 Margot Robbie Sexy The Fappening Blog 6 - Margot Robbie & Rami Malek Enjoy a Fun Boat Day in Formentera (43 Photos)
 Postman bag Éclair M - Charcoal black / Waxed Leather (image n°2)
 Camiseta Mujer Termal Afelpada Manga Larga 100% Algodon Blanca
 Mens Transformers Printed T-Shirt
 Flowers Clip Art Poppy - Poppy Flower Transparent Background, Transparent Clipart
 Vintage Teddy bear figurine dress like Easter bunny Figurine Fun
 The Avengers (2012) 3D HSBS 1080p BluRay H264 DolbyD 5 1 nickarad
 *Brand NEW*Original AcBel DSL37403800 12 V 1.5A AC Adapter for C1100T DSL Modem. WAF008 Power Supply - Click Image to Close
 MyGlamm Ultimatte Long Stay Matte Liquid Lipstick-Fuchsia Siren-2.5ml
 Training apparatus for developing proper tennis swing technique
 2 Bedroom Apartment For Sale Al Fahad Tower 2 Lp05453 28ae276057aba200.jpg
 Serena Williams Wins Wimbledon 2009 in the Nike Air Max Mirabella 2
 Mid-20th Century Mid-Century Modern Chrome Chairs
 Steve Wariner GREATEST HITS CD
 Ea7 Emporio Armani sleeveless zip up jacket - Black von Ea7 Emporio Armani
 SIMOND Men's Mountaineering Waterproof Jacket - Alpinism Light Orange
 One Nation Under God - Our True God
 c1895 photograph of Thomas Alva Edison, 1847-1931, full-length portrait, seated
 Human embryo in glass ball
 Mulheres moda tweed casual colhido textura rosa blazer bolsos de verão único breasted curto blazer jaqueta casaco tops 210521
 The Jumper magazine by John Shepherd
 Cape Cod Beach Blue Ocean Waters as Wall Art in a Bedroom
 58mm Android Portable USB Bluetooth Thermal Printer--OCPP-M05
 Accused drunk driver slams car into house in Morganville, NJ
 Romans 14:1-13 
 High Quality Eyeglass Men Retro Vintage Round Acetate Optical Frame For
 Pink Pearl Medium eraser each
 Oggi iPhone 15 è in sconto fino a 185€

# [What you are asked to do]
Extract every line from the one with "Accused drunk driver" down to the final line above, both included, exactly as written.

# [Expected answer]
 Accused drunk driver slams car into house in Morganville, NJ
 Romans 14:1-13 
 High Quality Eyeglass Men Retro Vintage Round Acetate Optical Frame For
 Pink Pearl Medium eraser each
 Oggi iPhone 15 è in sconto fino a 185€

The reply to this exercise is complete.